--- RAW DATA Enclosed Below ---

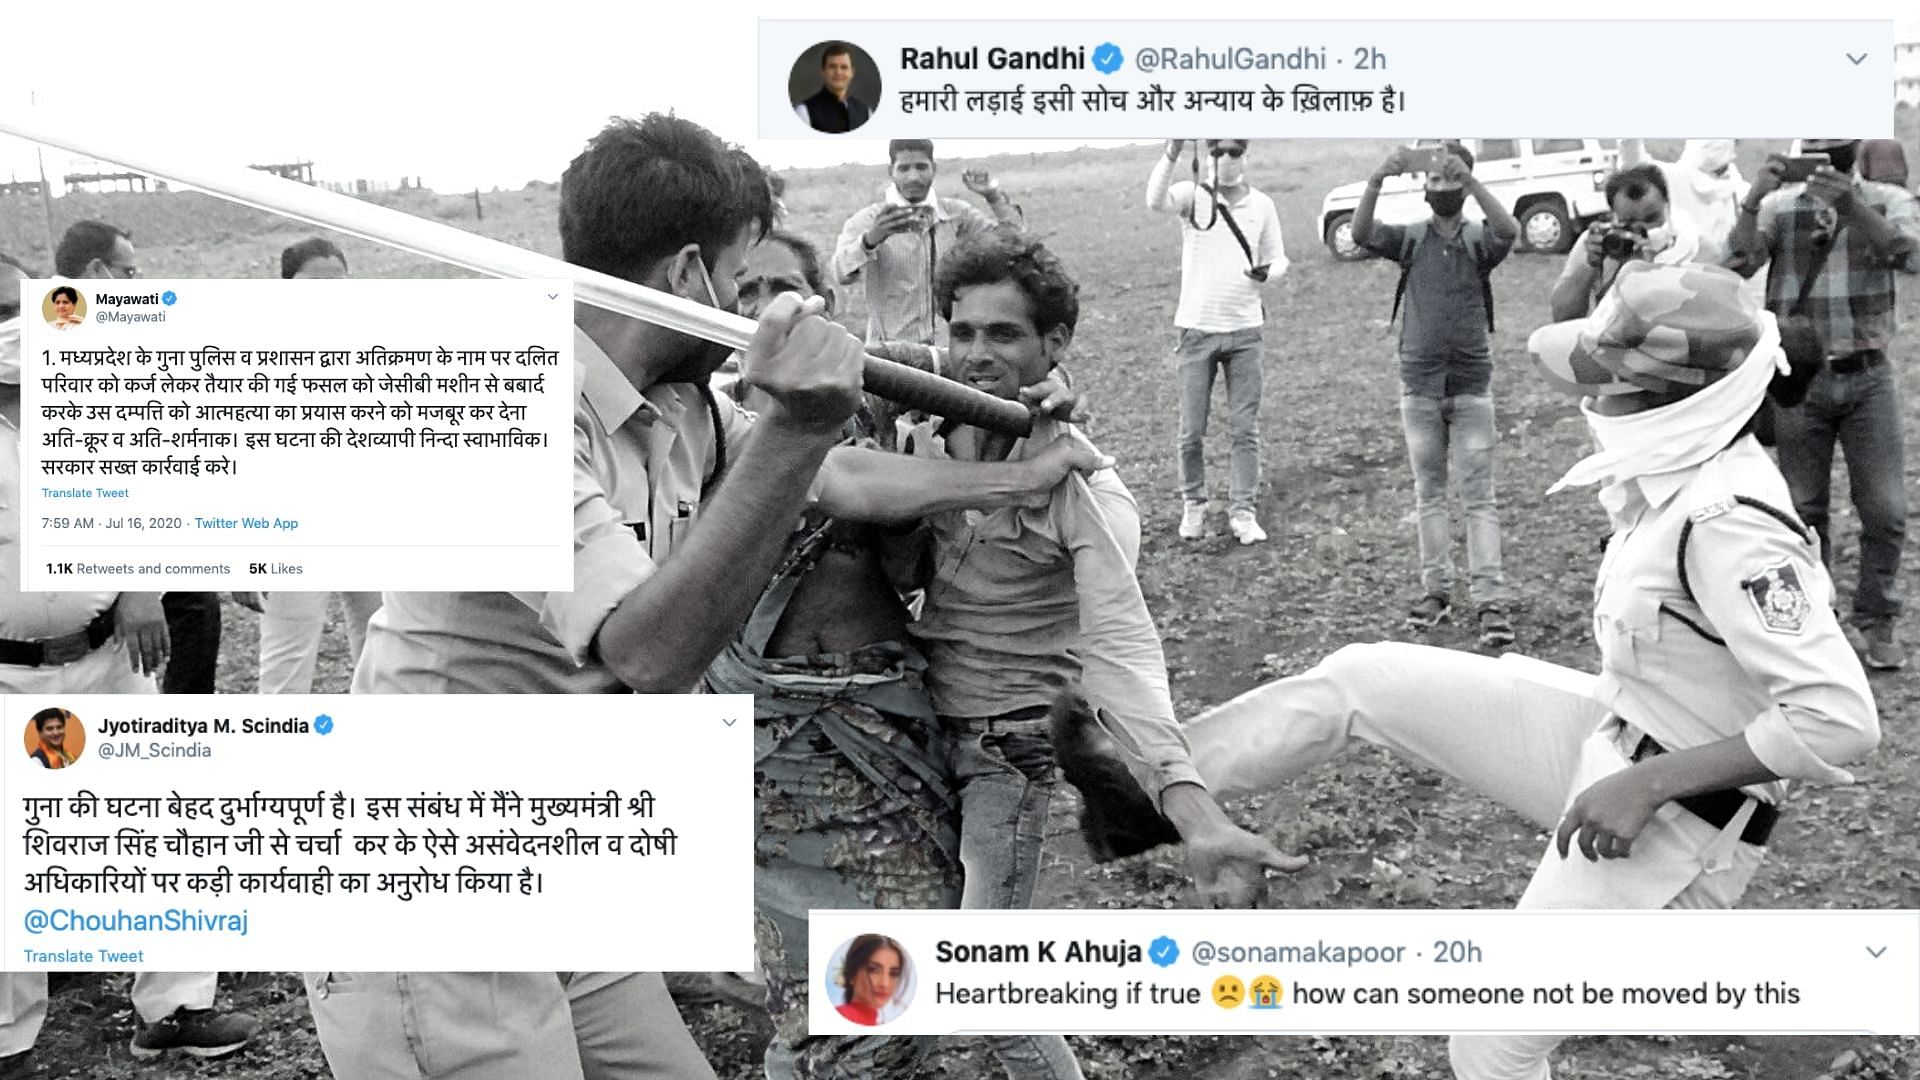 As the videos from and the news of this heartbreaking incident floods social media, various public figures, including Congress Leader Rahul Gandhi and MP JM Scindia have come forward to express dismay.
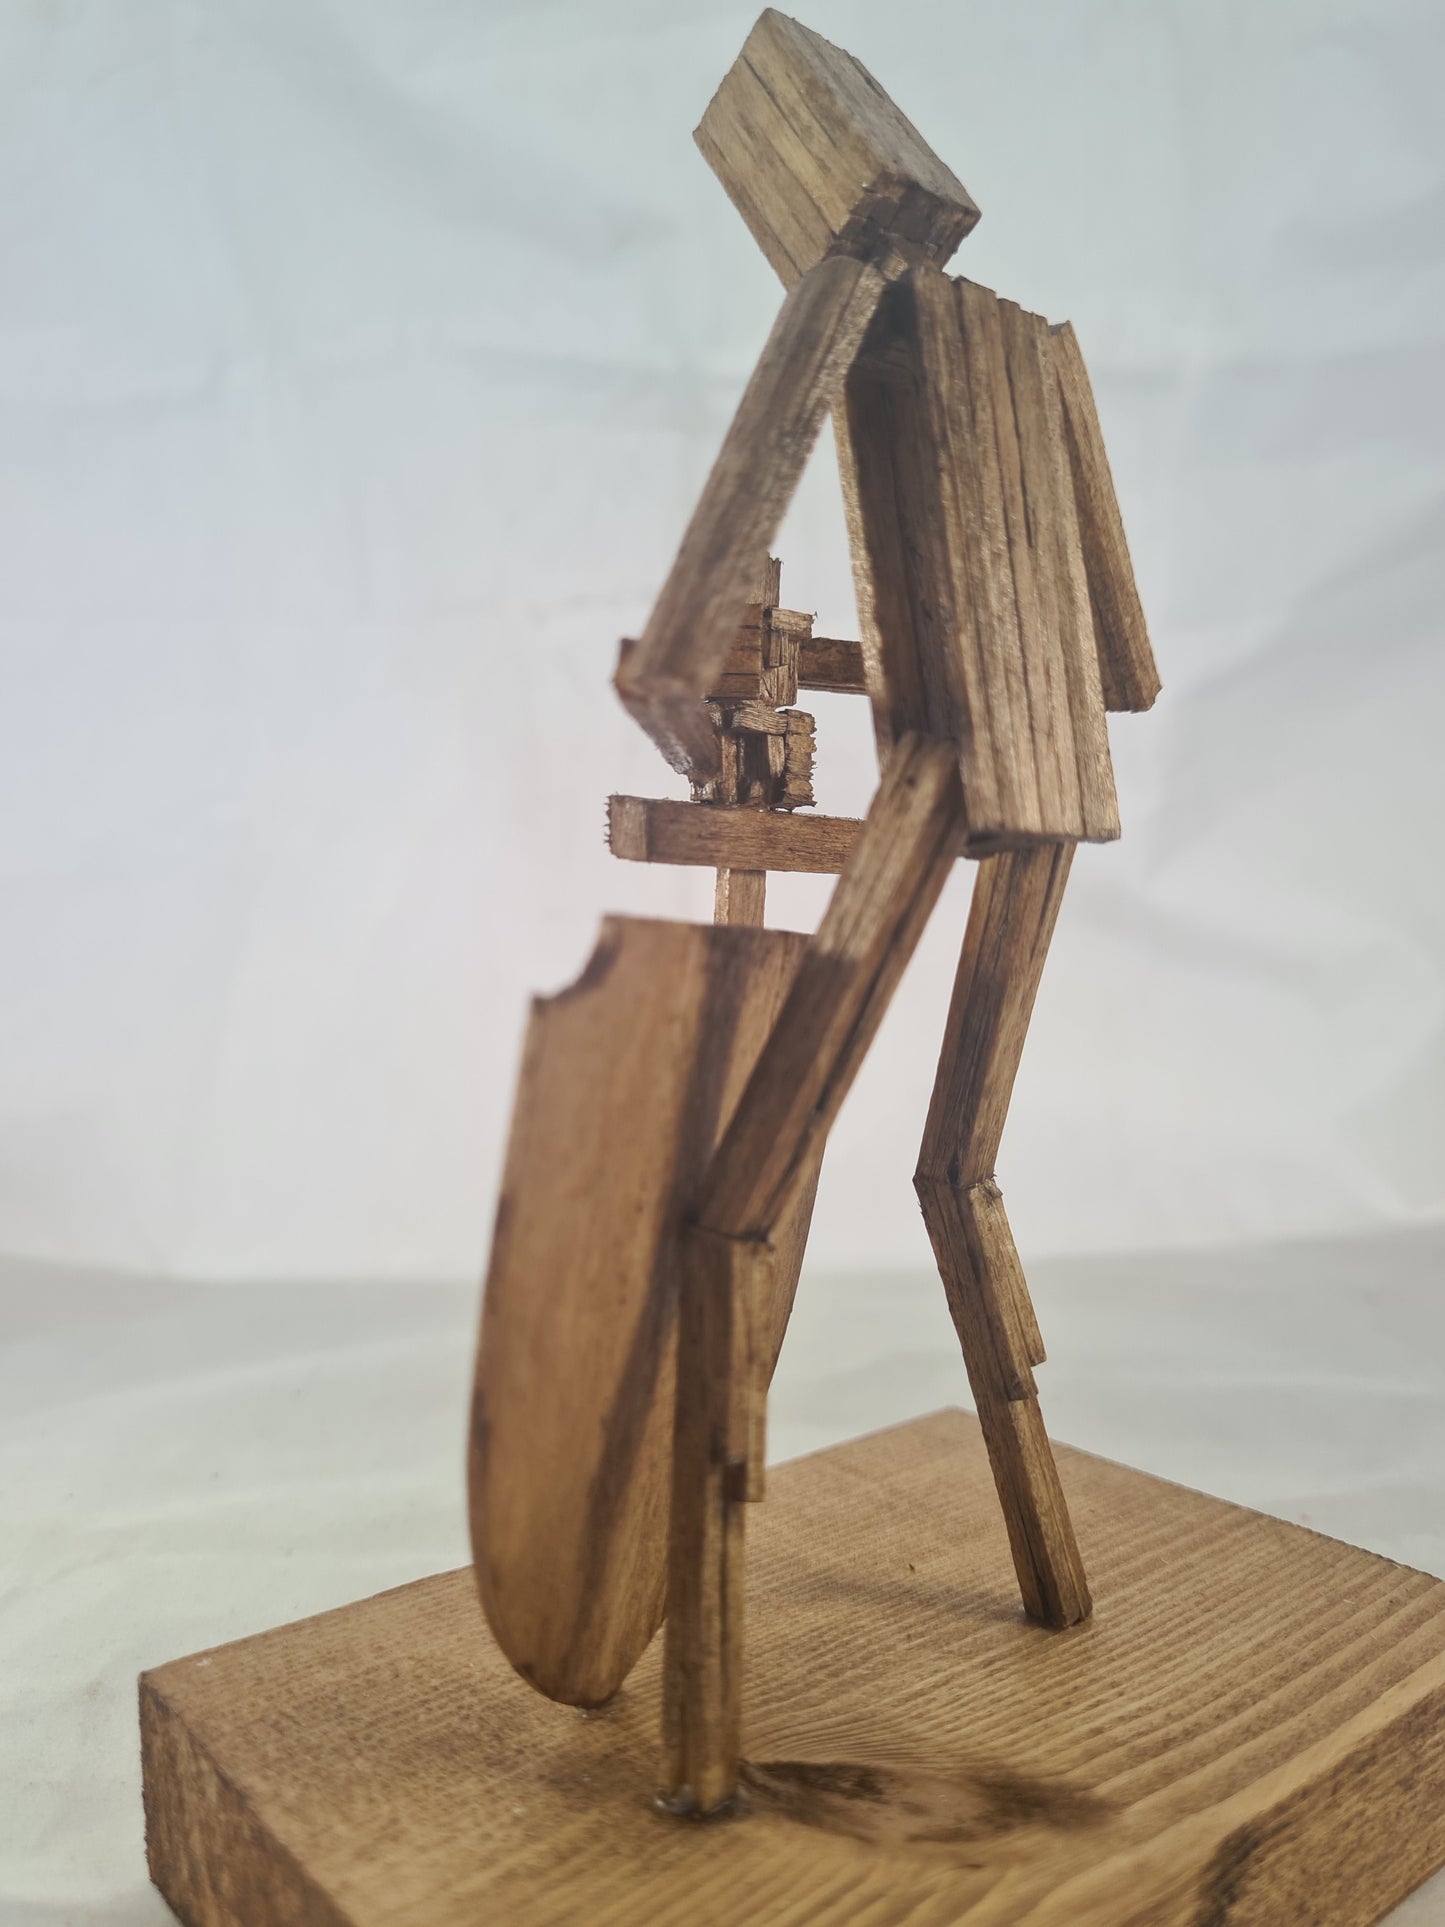 Knights Time - Handcrafted Wooden Matchstick Figures - Gifts, Ornaments and Decor By Tiggidy Designs
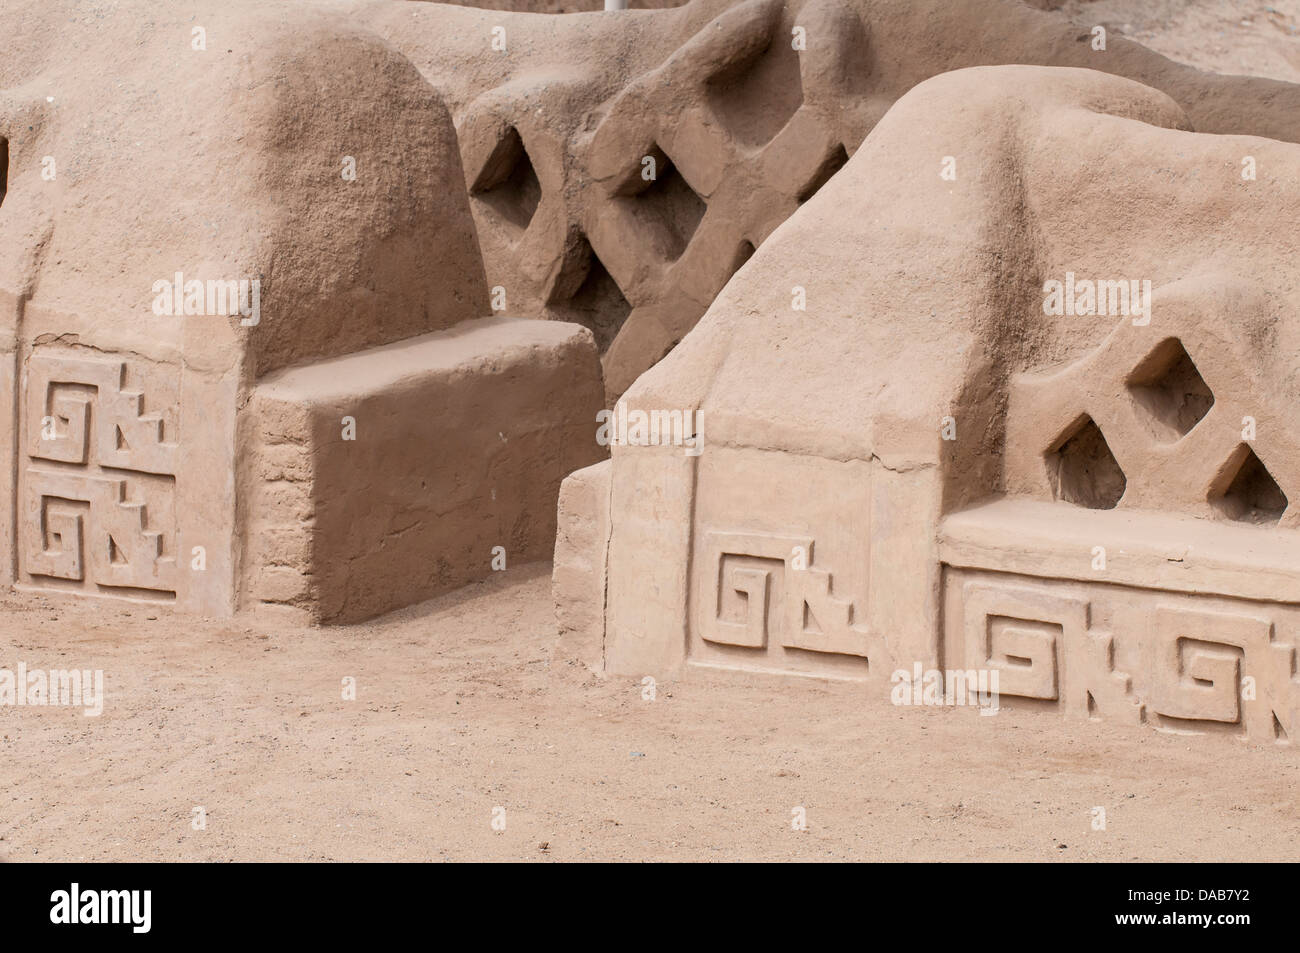 Petrogylph relief at ancient ruins of Chan Chan Pre-Columbian archaeological unesco world heritage site near Trujillo, Peru. Stock Photo
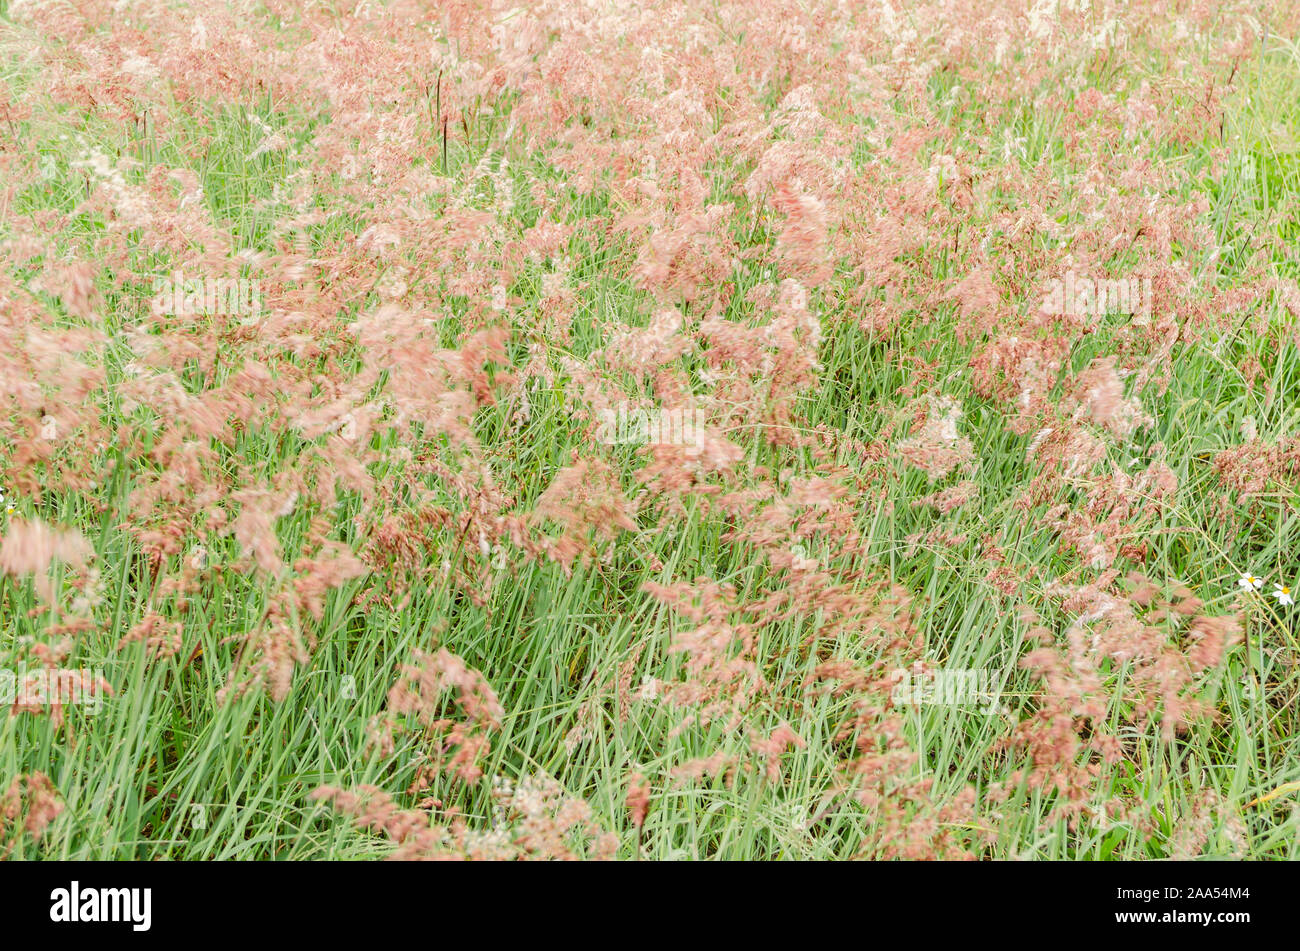 Blooming Grass Texture Stock Photo

--- End of Enclosed RAW DATA ---

-- ACTION ITEM --
Transcribe all of the lines above exactly as given. The pictures stay out.

-- TASK SOLUTION --
 As the videos from and the news of this heartbreaking incident floods social media, various public figures, including Congress Leader Rahul Gandhi and MP JM Scindia have come forward to express dismay.
 Knights Time - Handcrafted Wooden Matchstick Figures - Gifts, Ornaments and Decor By Tiggidy Designs
 Petrogylph relief at ancient ruins of Chan Chan Pre-Columbian archaeological unesco world heritage site near Trujillo, Peru. Stock Photo
 Blooming Grass Texture Stock Photo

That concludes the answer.